Erika Celeste is an American journalist who has worked in radio, print, and television since 1992. Among other things she has collected 2 Emmys, a Telly, and several AP Awards.

She has worked for every major news network affiliate including ABC, NBC, CBS, CNN and PBS. She has also freelanced for many national and international organizations including Voice of America, Public Radio International and National Public Radio. Celeste worked as executive editor of COMAR, Inc. a West Virginia publishing company, directly editing West Virginia Executive magazine. In addition she has written several documentaries including Red Salt and Reynolds, Just Like Anyone, and the forthcoming Secrets of the Valley (fall 2010) narrated by Morgan Spurlock of Super Size Me fame.

She is the founder and owner of New Moon Media Group began out of a love for journalism and entertainment. Despite working in the field as a 'day job' Celeste enjoyed the adventure of traveling to new places, meeting new people, and learning new things, that she often found herself working as a hobby at night and on the weekends.

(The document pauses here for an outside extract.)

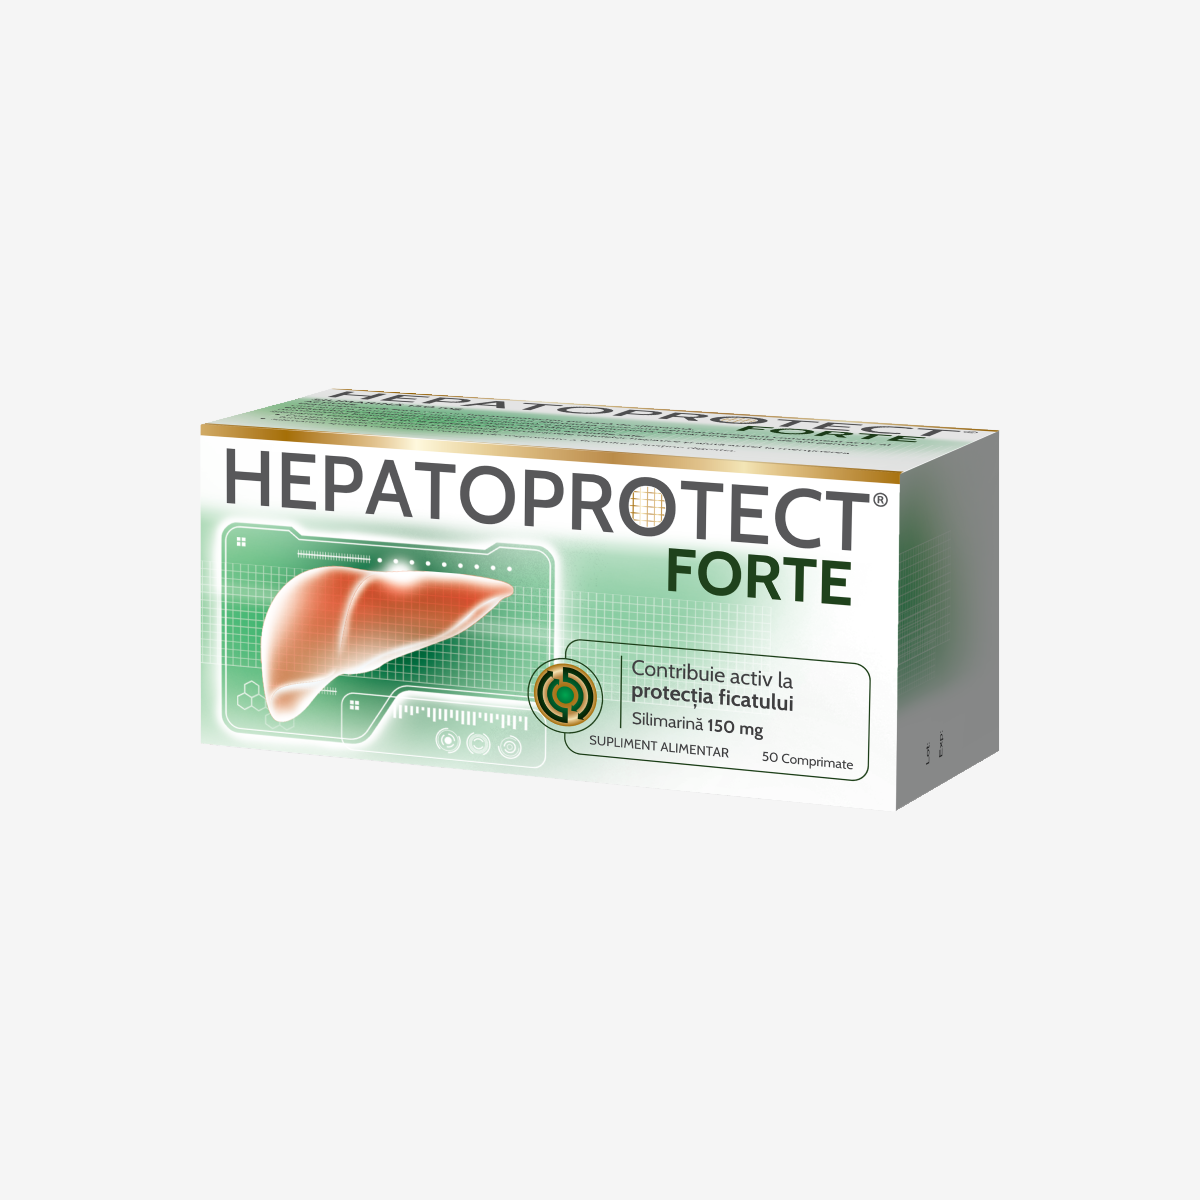 Hepatoprotectoare - Hepatoprotect Forte, 50 Comprimate, Biofarm, farmacieieftina.ro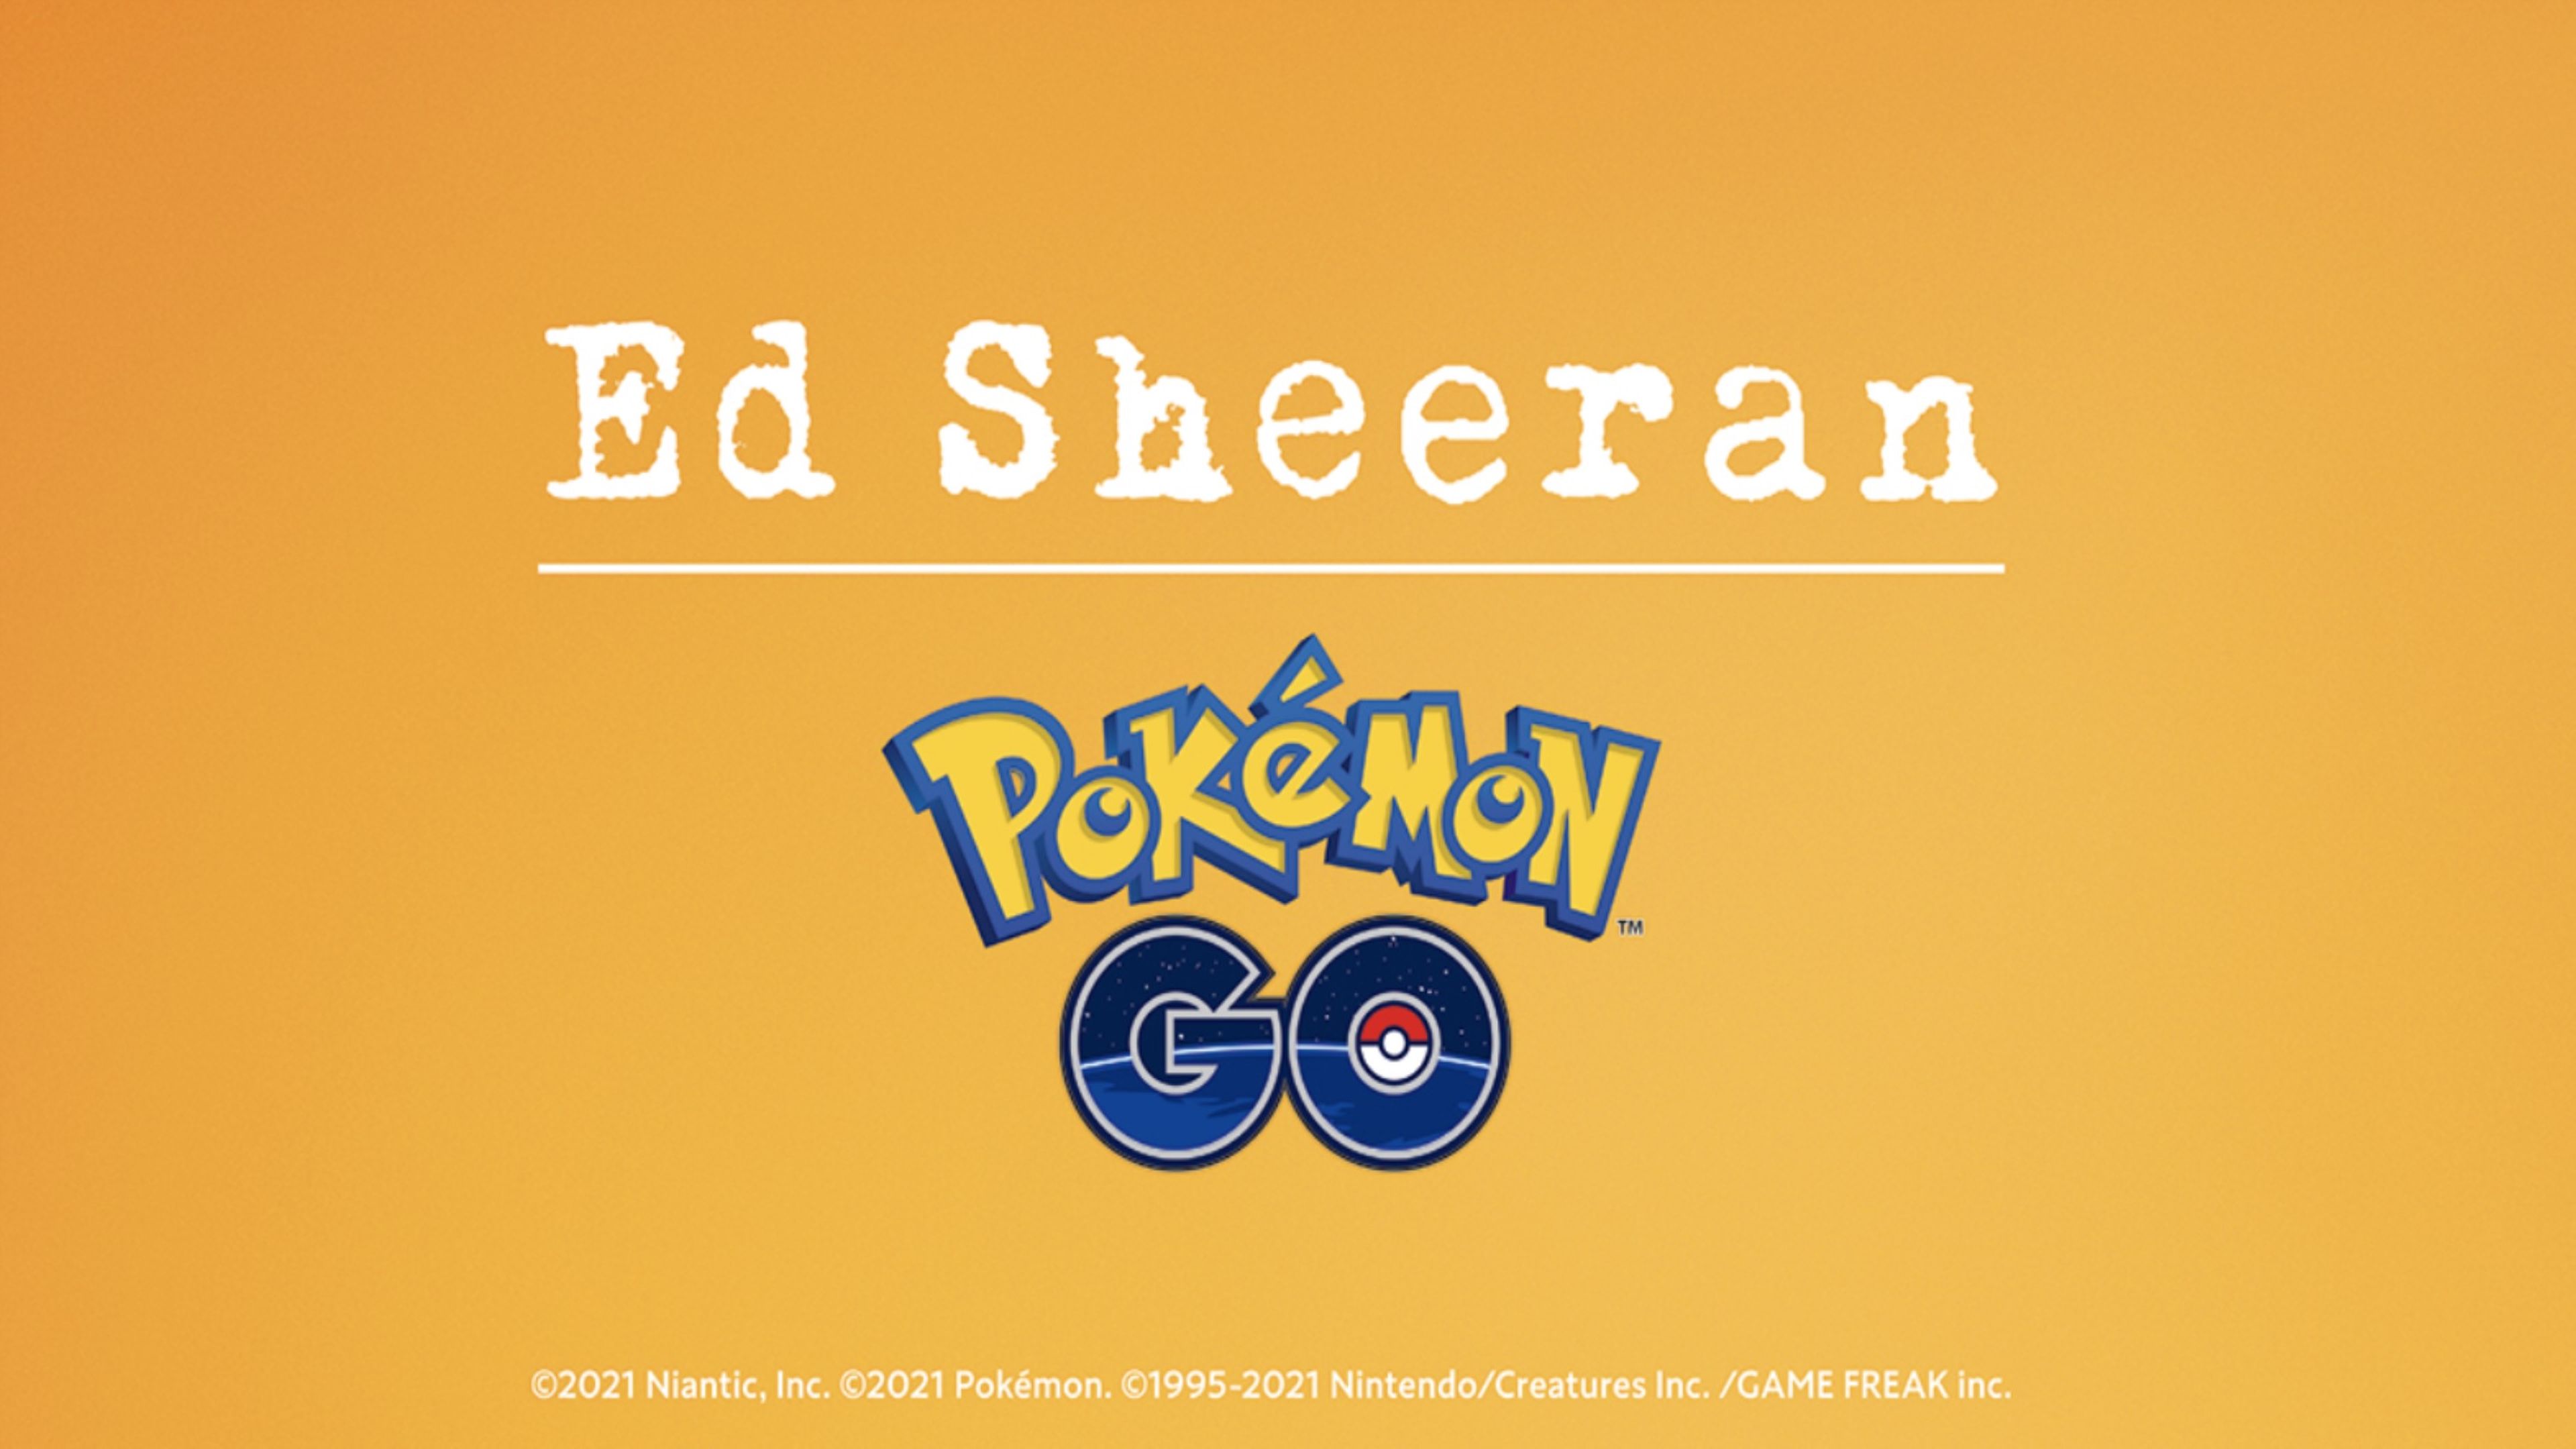 Pokémon Go x Ed Sheeran

Along the way Celeste made contacts with many interesting people from movie producers and directors, to writers and editors, graphic artists and printers. Today she works with many of them through New Moon Media Group.

Early years
Celeste spent most of her childhood in Minnesota. She is the oldest of eight children.  Her father Wayne Brass is a retired UCC pastor, her mother Renee Brass, is a retired BSN. Later she attended Western Michigan University, then transferred to University of Indianapolis, and graduated from Indiana State University with a focus in Theater and Communications and Anthropology. She married Michael Hobbs, a high school sweetheart and they had Kaleb Hunter before divorcing (1999).

Personal life
Erika Celeste is married to Michael Marturello the editor of the Herald Republican. The couple spent several years as foster parents. During that time Celeste was stalked by someone related to one of her foster children. Unable to do anything about her own ordeal, Celeste worked with Indiana Representative Dennis Zent (R) Steuben to change the law. In a single season of lobbying, the law was passed (2016) making it a felony to stalk foster parents in the line of duty. Celeste and her husband later adopted 2 children: Christopher Rollin in 2017 and Chloe in 2020.

Work
Several of Celeste's stories can be found through a simple Google search of her name and various media outlets. Such stories as ayahuasca, alpacas, and adventure racing have met with much attention on Voice of America's website. Many of her stories have been translated into numerous languages including: Burmese, Croatian, Chinese, German, Korean, Spanish, and Taiwanese. Other stories she has recently written on refugee issues and a disabled driver were featured on NPR.

Additionally, Celeste is the co-owner of The Original Rolling Stone LLC along with Rockabilly Hall of Famer Andy Anderson. The two co-authored a book entitled Memoirs of the Original Rolling Stone. "The Survival Wedding Guide" with Suzanne Franco, "Follow Your Heart" with Phil Devitte, "The Story of a Forgotten Warrior and PTSD" with Carol Blake and she has ghostwritten several other human interest stories and biographies.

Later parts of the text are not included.